_Data to process_
★ ★ ★ ★
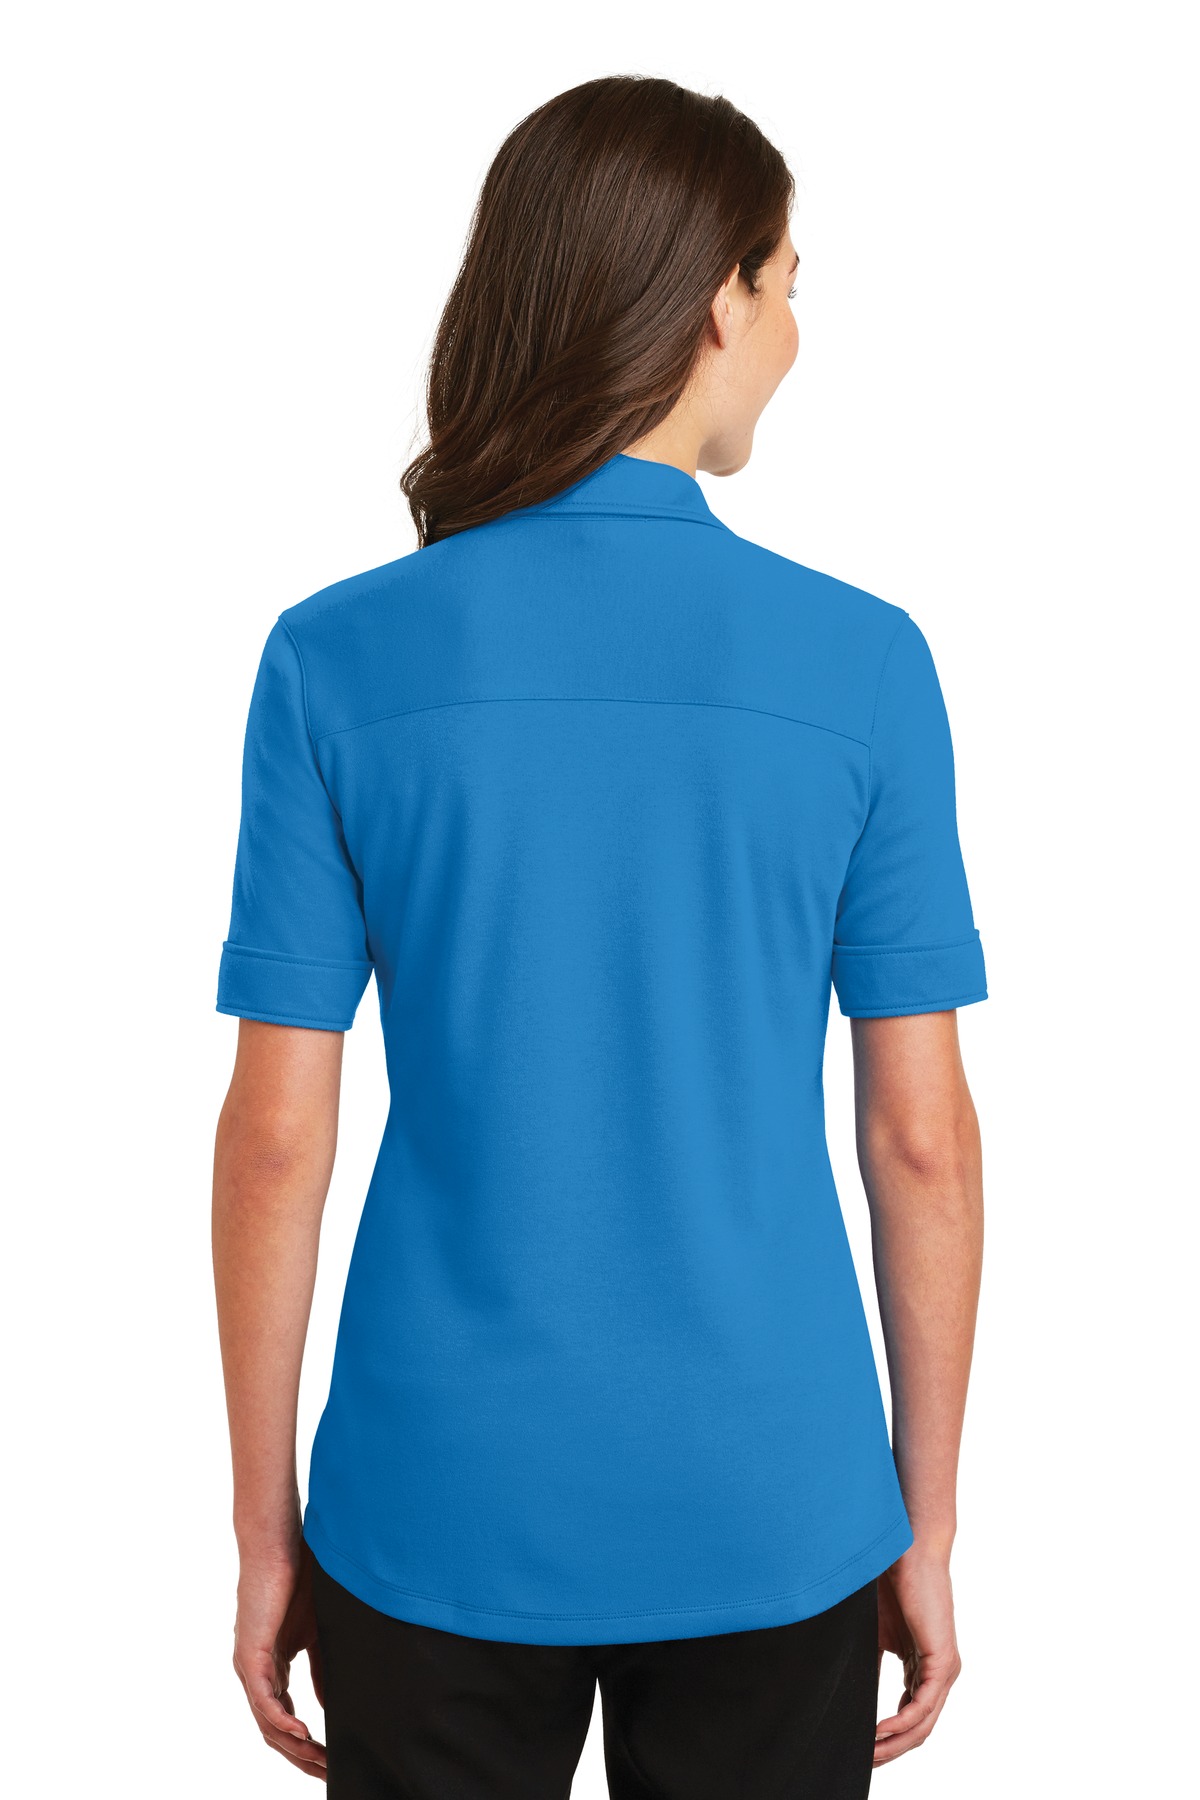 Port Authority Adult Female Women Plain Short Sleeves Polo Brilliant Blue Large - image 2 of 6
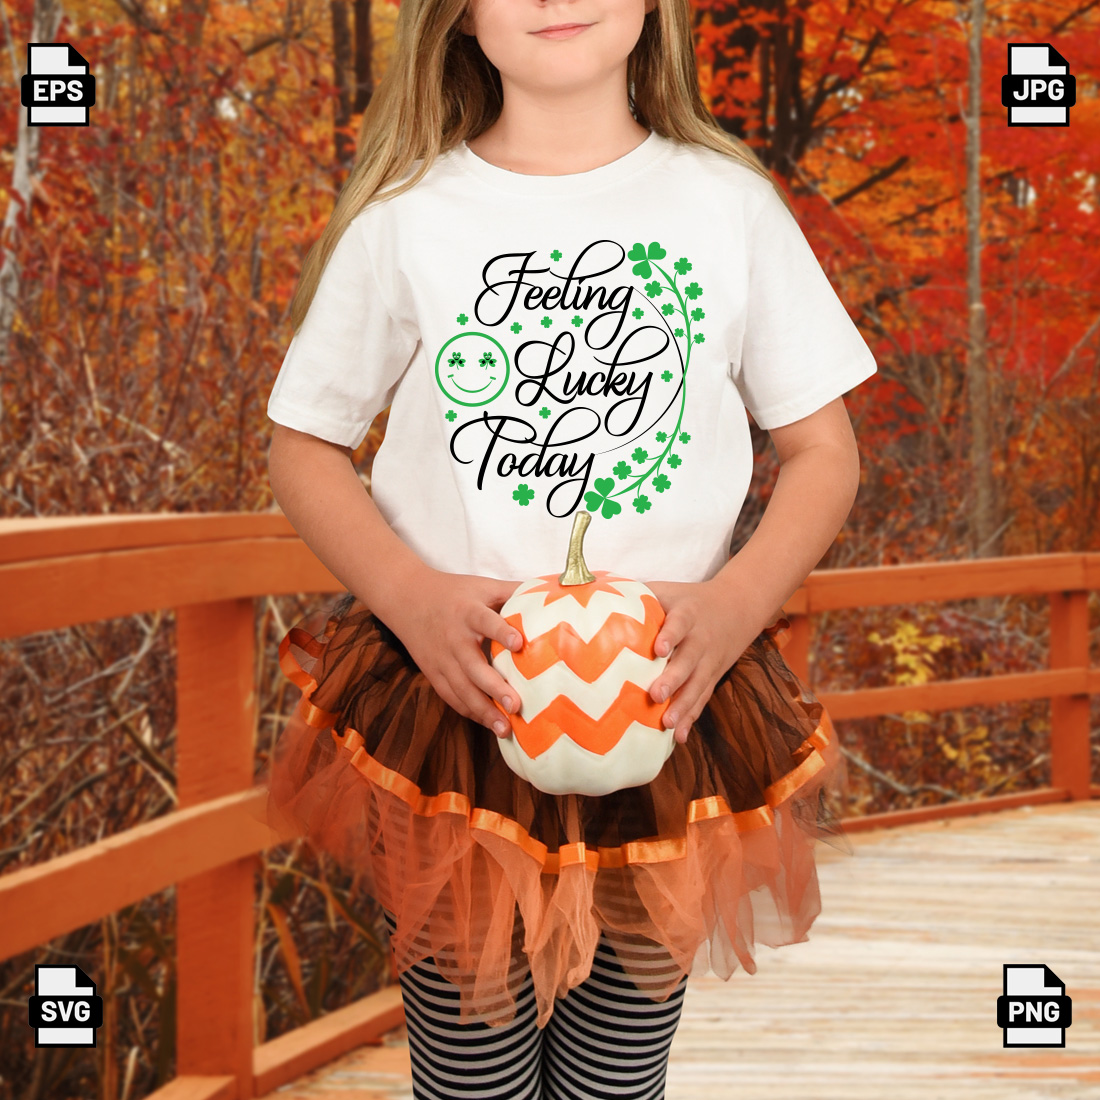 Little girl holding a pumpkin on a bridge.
★ ★ ★ ★
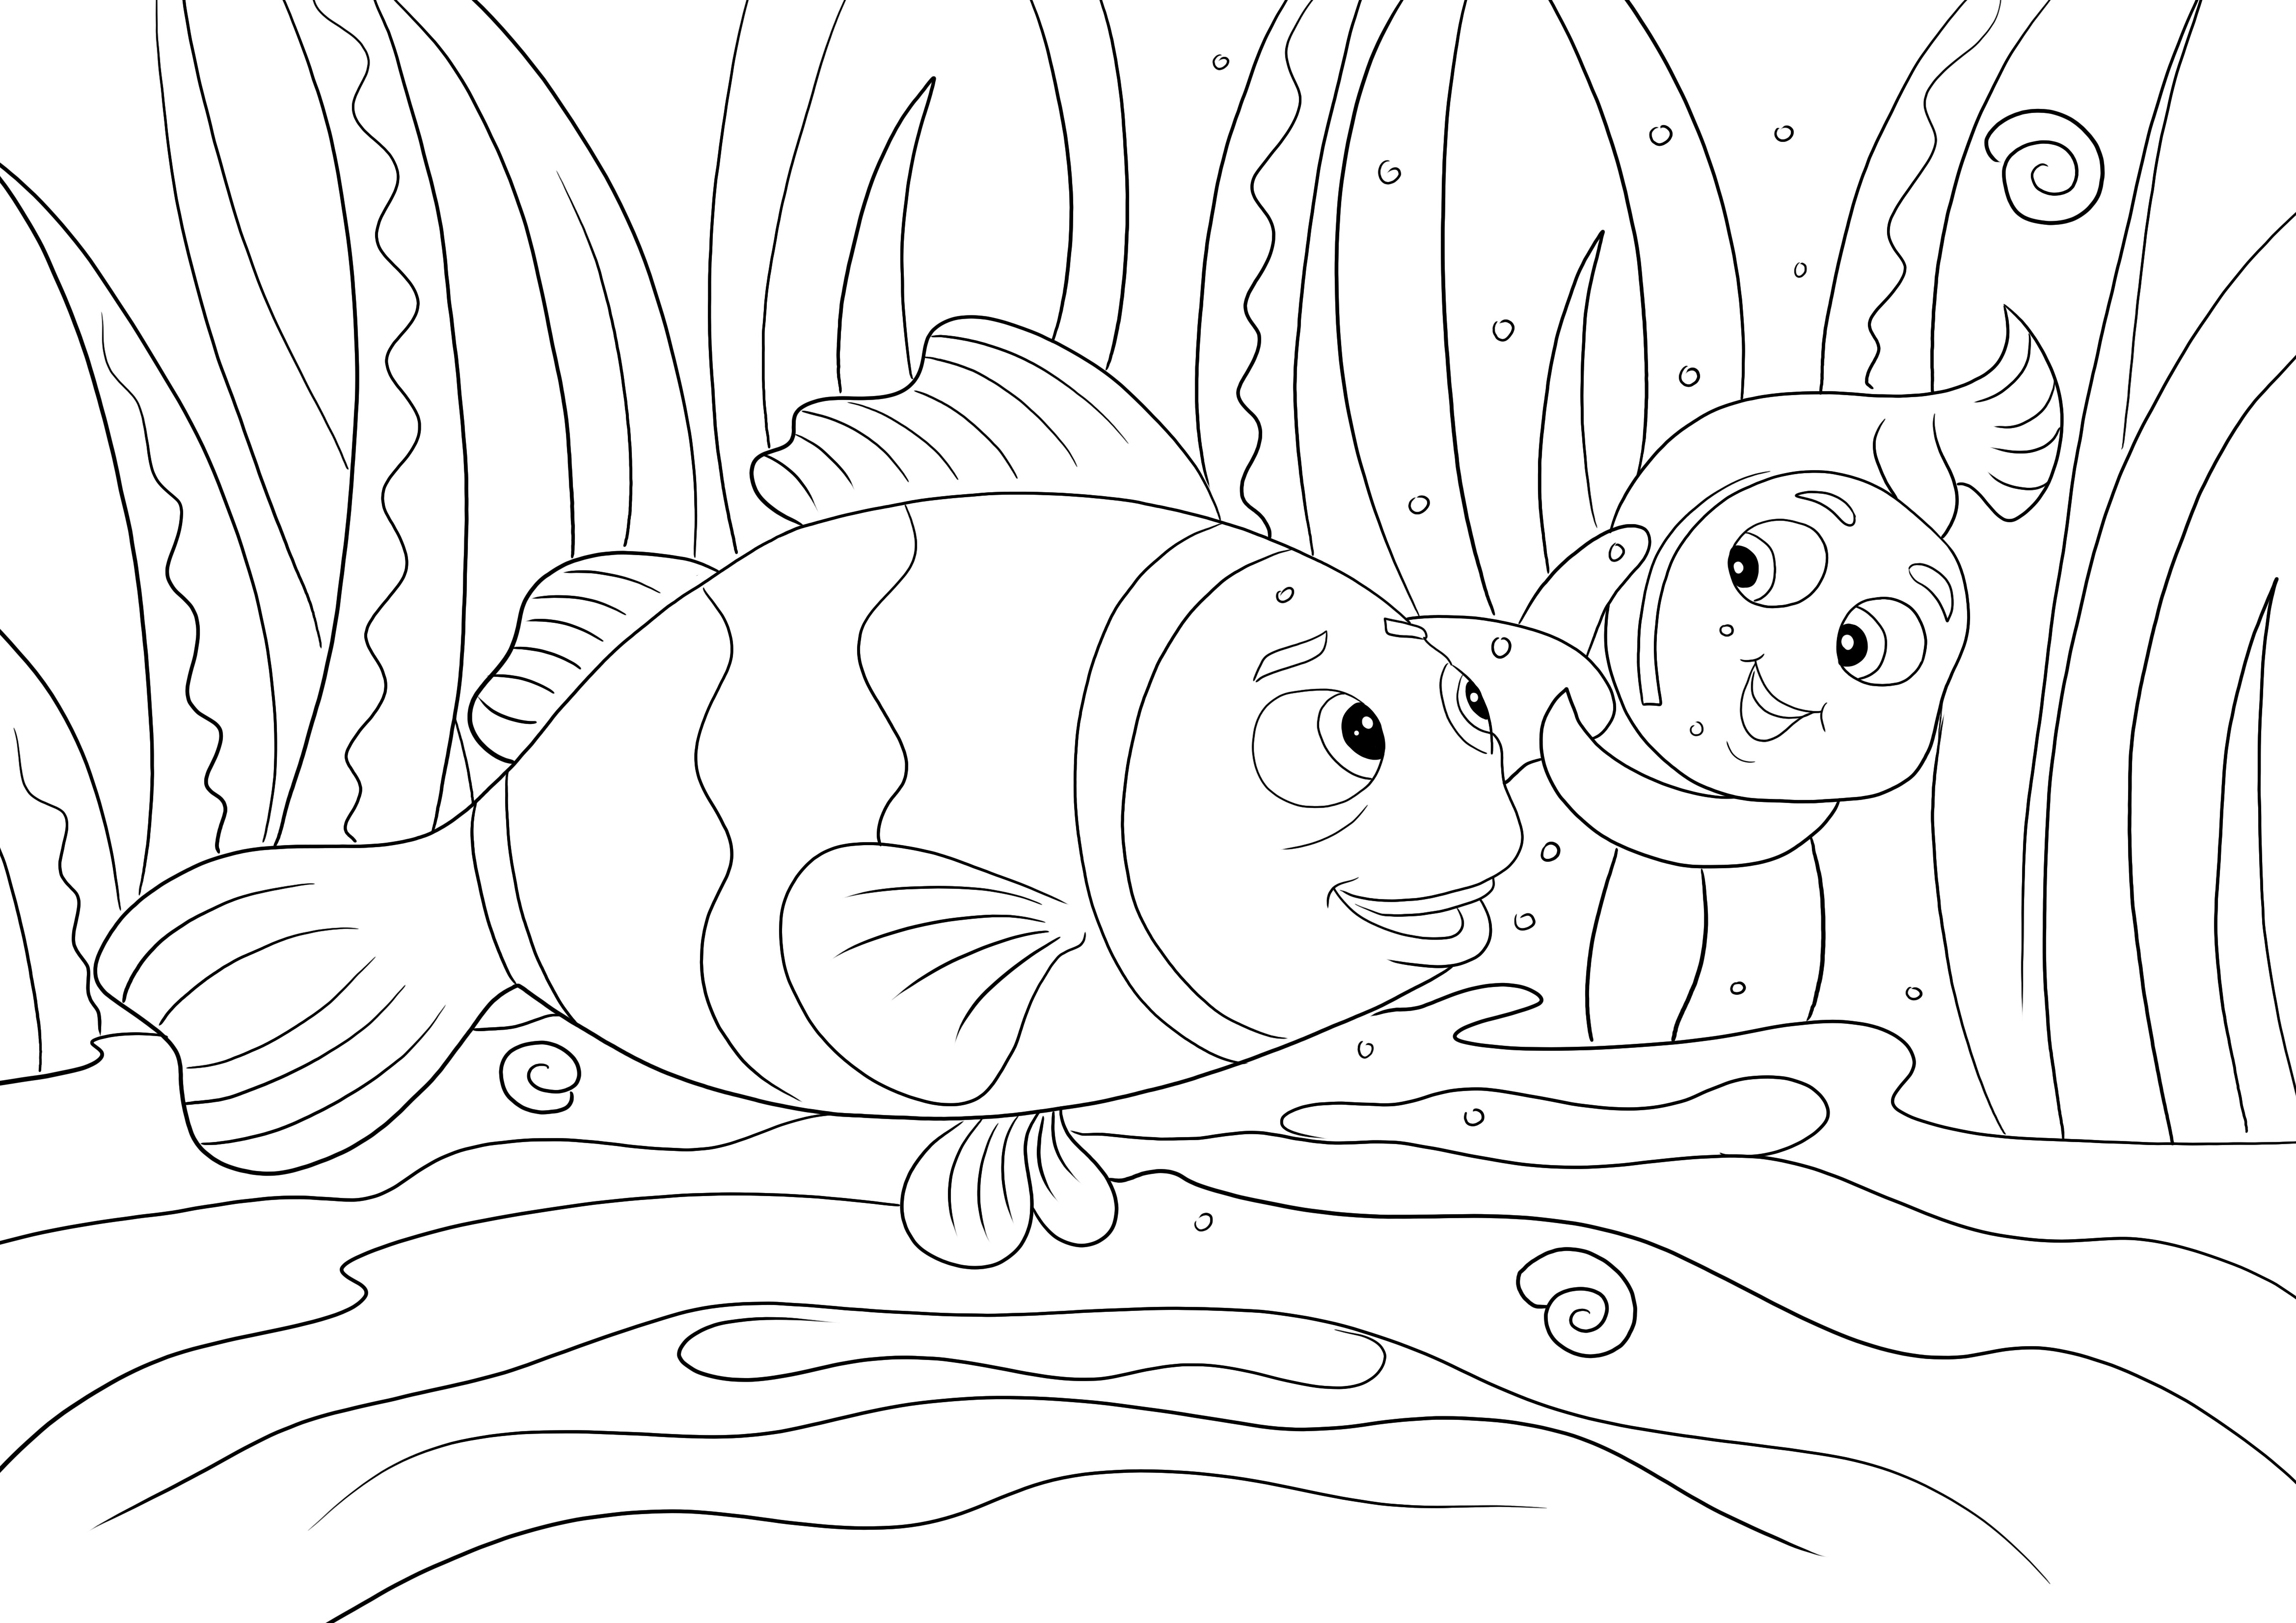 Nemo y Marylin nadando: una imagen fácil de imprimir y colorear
★ ★ ★ ★
_The task_
Look above for the line with "Port Authority Adult"; quote it and every line after it, stopping after the line with "Little girl holding a pumpkin on a bridge.", exactly, with nothing added and without pictures.

_Answer to the problem_
 Port Authority Adult Female Women Plain Short Sleeves Polo Brilliant Blue Large - image 2 of 6
 Little girl holding a pumpkin on a bridge.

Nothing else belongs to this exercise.